Trumpcare is back. But its resurrection may be short lived.
The GOP’s Obamacare replacement effort (which initially failed in stunning fashion last month, when House Speaker Paul Ryan had to pull the bill because it lacked support among his own caucus) has had a dramatic week. Negotiations over the bill are ongoing as the threat of the second federal government shutdown in less than four years looms. But on Wednesday, House Republicans appeared to reach a breakthrough with a new health care deal endorsed by the hardline Freedom Caucus, which helped sink Trumpcare 1.0.
That means there’s at least a chance the House GOP can cobble together the votes to pass the latest iteration of the American Health Care Act. However, even if they do (and as Ryan himself admitted on Thursday, this isn’t guaranteed to happen anytime soon), the chances that President Donald Trump will be getting an Obamacare-gutting bill on his desk are still slim as the proposals shift rightward and alienate moderate Republicans, especially in the Senate.
Click here to subscribe to Brainstorm Health Daily, our brand new newsletter about health innovations.
The newest proposed Obamacare deal centers on something called the “MacArthur Amendment,” proposed by New Jersey GOP Congressman Tom MacArthur. Simply put, the provision would give states far more authority to dismantle Obamacare’s major protections—including financial shields for the sick, the elderly, and Americans who require specific benefits like maternity or mental health coverage which insurers would be allowed to forgo. (Health care expert Tim Jost has a great summary of what the amendment would do over at Health Affairs.)

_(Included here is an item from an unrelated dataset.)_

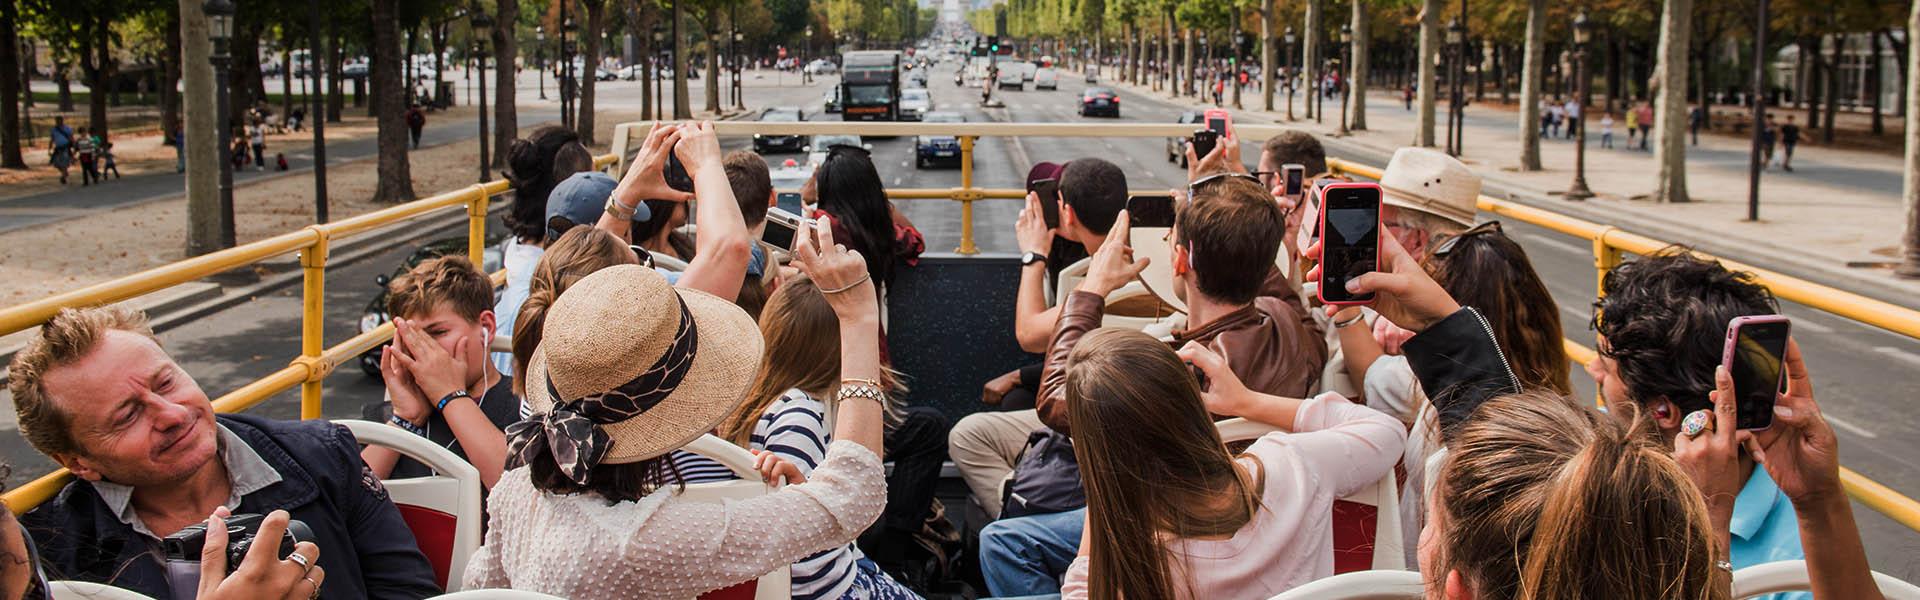 Touristes à bord d'un Big Bus à Paris

Under MacArthur’s proposal, states could opt to let insurance companies charge sick people more for their care. That’s specifically prohibited under Obamacare and among the health law’s most popular provisions (Trump and other officials have even promised to keep the Affordable Care Act’s protections for people with pre-existing conditions in place). And while this tactic might appeal to the right wing of the House, which doesn’t believe such protections should be mandated by the federal government, it could be a deal-breaker elsewhere.
Moderate lawmakers in the GOP-controlled Senate, who were already nervous about the GOP’s push to roll back Obamacare’s Medicaid expansion for the poor (a provision that has been embraced by prominent Republican governors and legislatures), will likely find the changes hard to stomach, as Politico notes. Some conservatives could also be opposed since there would still be taxpayer-funded provisions to help Americans buy coverage.
Jost thinks the latest changes may not even pass muster in the House despite the newfound Freedom Caucus enthusiasm. “It is unclear at this point whether this amendment will garner enough votes to pass the House. The blanket waiver of essential health benefits at least should be of concern to some moderate Republicans. If the bill as amended passes the House, however, it is hard to imagine how this provision will be approved by the Senate,” he writes.
In the meantime, Congressional Democratic leaders appear to believe President Trump won’t follow through on a threat to end Obamacare subsidies that would effectively wreak havoc on the law’s marketplaces. Still, given the general chaos that’s surrounded the GOP’s Obamacare-gutting quest, it’s possible the president could score his first major legislative victory in the House—only to see it crash and burn in the Senate.